De metingen zijn uitgevoerd in 1993 en 1994 op 55 melkveehouderijbedrijven
(MVH) met grasland en snijmais op zandgrond. De geselecteerde bedrijven
kunnen worden verdeeld in drie categorieen: MVH-extensief, MVH-intensief en
MVH+IVH-intensief (melkveehouderij met belangrijke neventak van intensieve
veehouderij). Het in het LMB gemeten fosfaatgehalte (PAl-getal) van de
bodem wordt als maat voor het bemestingsniveau gebruikt. De gemiddelde
PAl-getallen voor de drie bedrijfstypen bedroegen 40, 52 en 65, dit kan
beoordeeld worden als een ruim voldoende (40-55) en een hoge (>55)

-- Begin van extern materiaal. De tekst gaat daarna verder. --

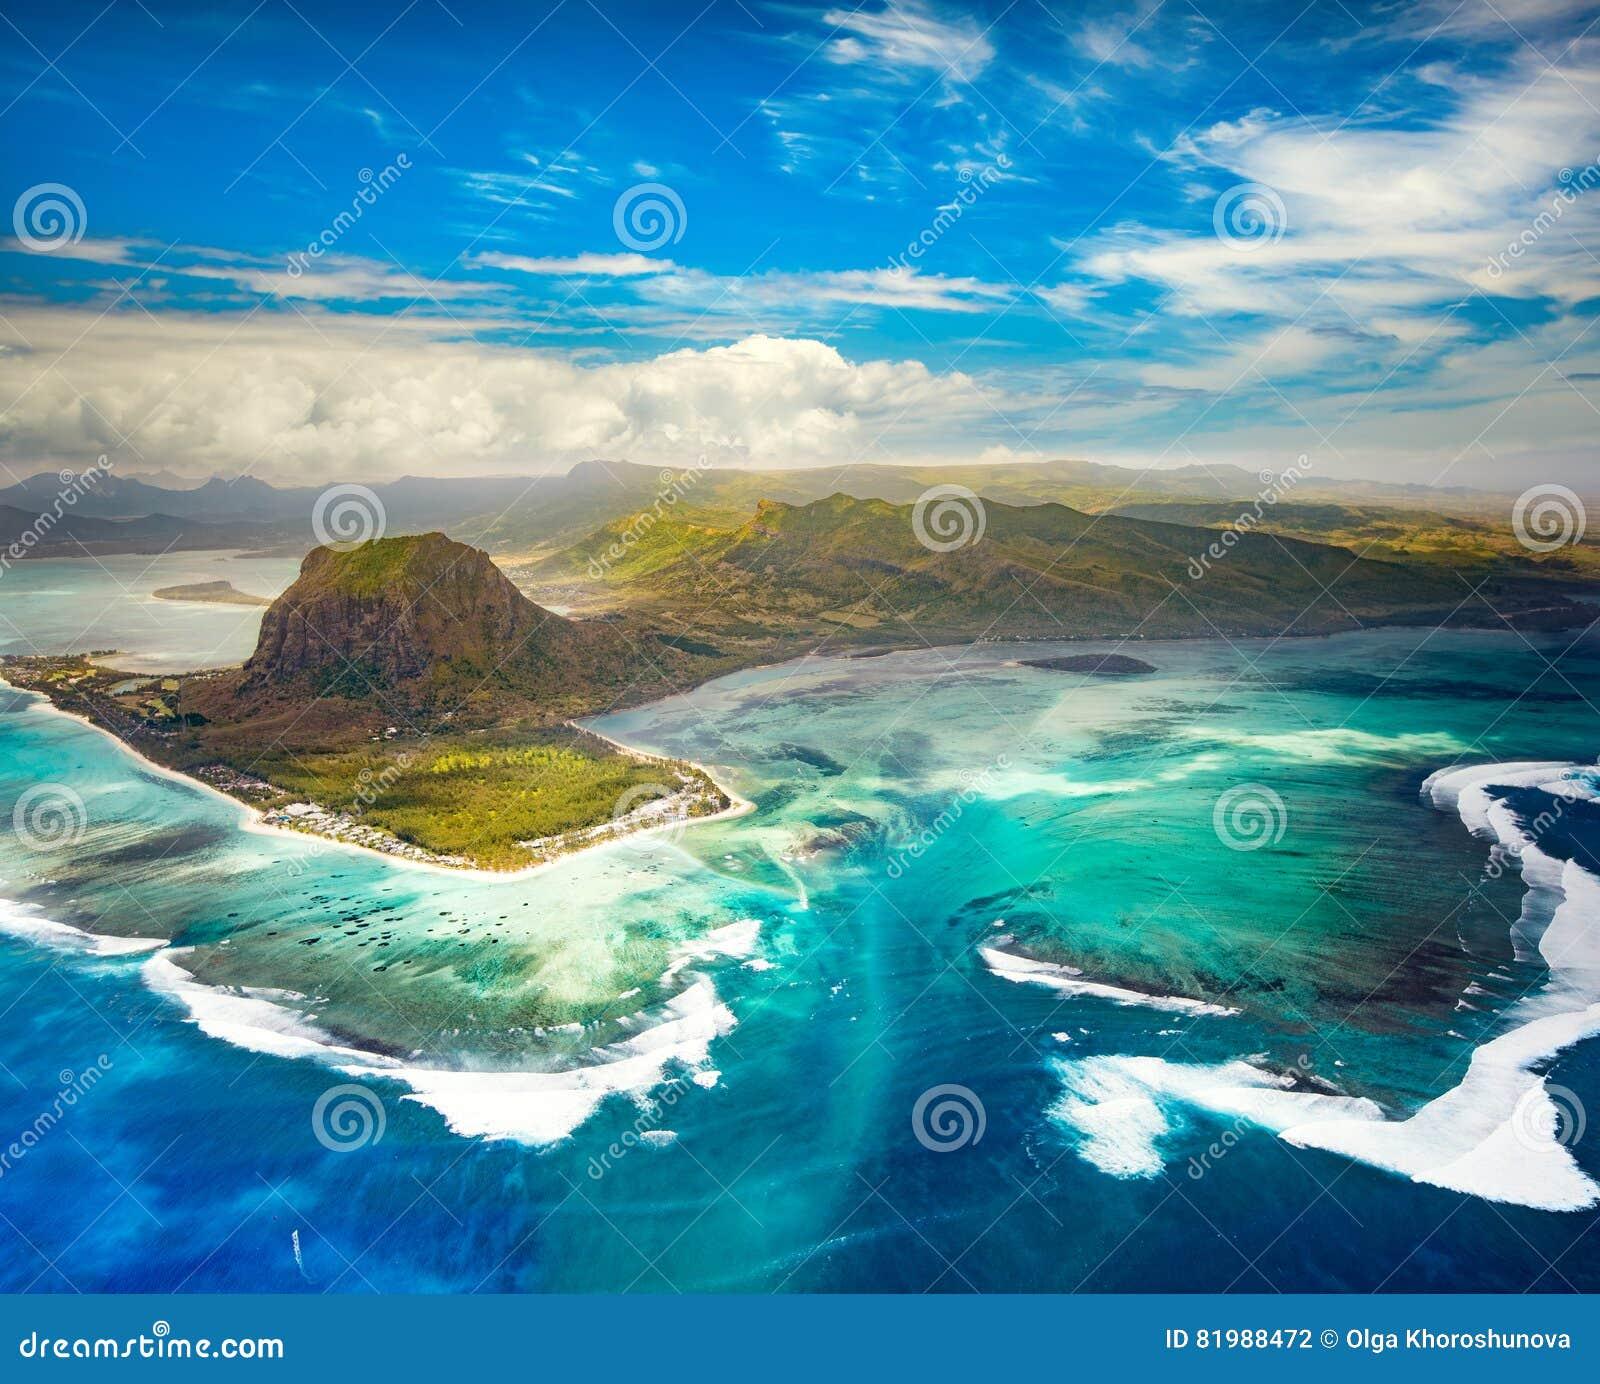 水下的瀑布的鸟瞰图 毛里求斯
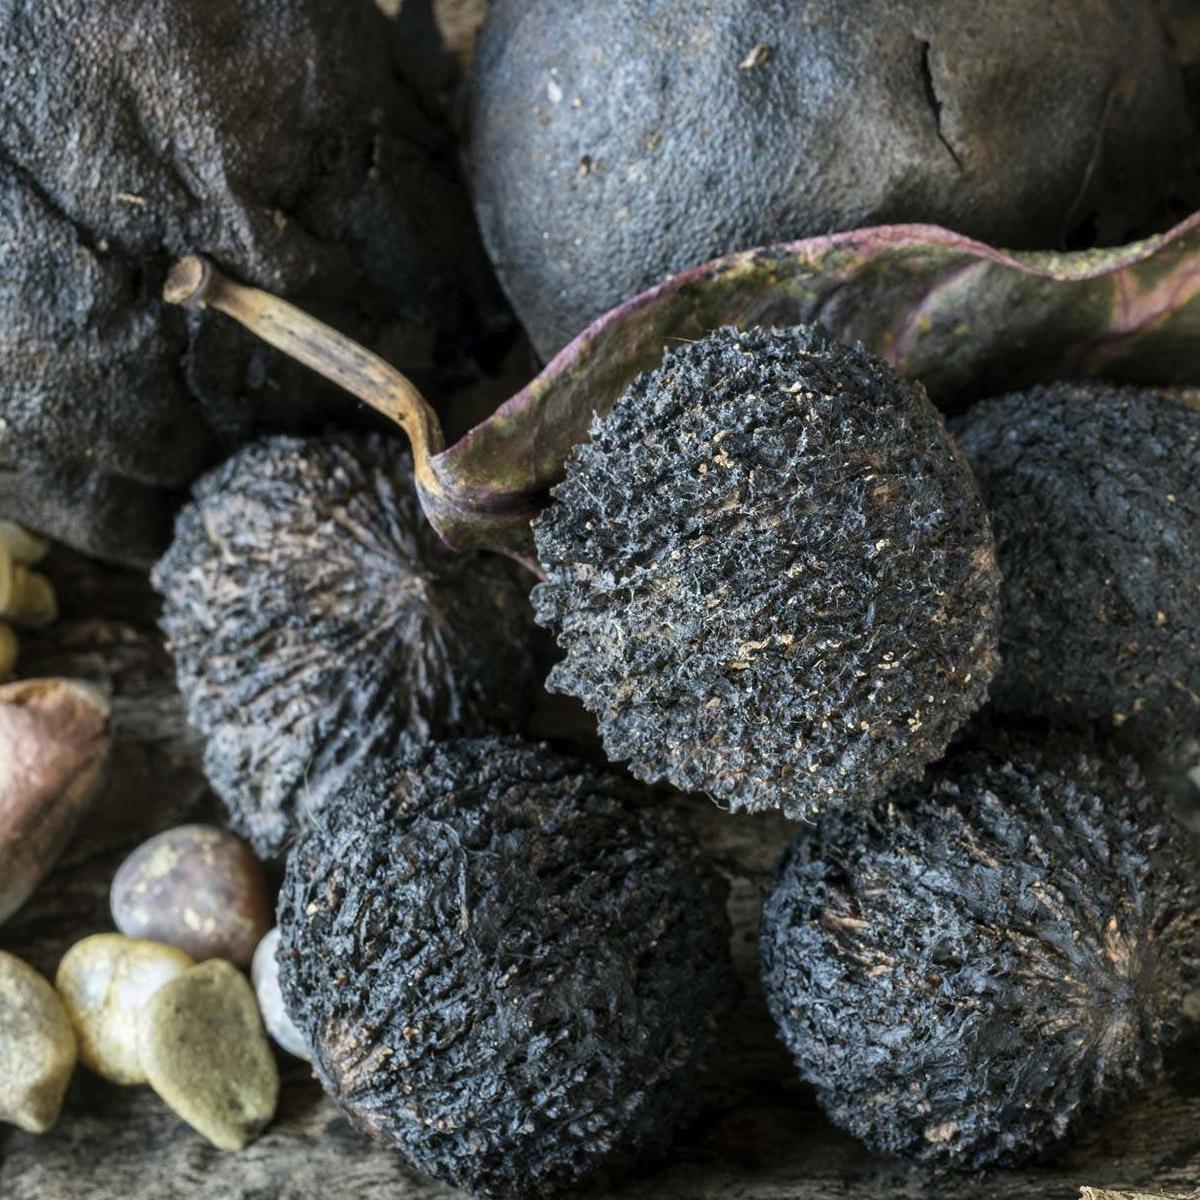 JUODASIS RIEŠUTAS – Kaip atsikratyti parazitų vartojant juodojo riešutmedžio riešutus

fosfaattoestand. De soortensamenstelling verandert naarmate het
fosfaatgehalte toeneemt. De taxa Aphelenchus, Acrobeloides, Acrobelophis
minimus, Eucephalobus paracornutus, en Prismatolaimus zijn kenmerkend voor
de extensieve bedrijven, terwijl de taxa Anaplectus, Eucephalobus mucronatus
en Tylopharynx foetida kenmerkend zijn voor de intensieve bedrijven. Een
soort, Eucephalobus mucronatus, neemt significant toe met toename van het
PAl-getal en drie taxa nemen significant af: Aphelenchus, Eucephalobus
paracornutus en Prismatolaimus. Bovendien is er ook een significante afname
van de familie Dolichodoridae (planteneters) gevonden. De veranderingen die
optreden zijn voornamelijk veranderingen in de trofische structuur. De
trofische diversiteitsindex neemt af bij toename van de fosfaattoestand. Er
is een afname van het aantal planteparasitaire en schimmeletende nematoden,
terwijl het aantal bacterieeters stabiel blijft. Relatief neemt het aandeel
bacterieeters sterk toe bij toenemend fosfaatgehalte en loopt op tot bijna
75 % in het meest intensieve bedrijfstype (MVH+IVH-intensief). Dit geeft
aan dat met name in de meest intensieve bedrijfstypen sprake is van een
onevenwichtige samenstelling van trofische niveaus en van een verlies aan
diversiteit van trofische groepen en mogelijk ook van
soorten.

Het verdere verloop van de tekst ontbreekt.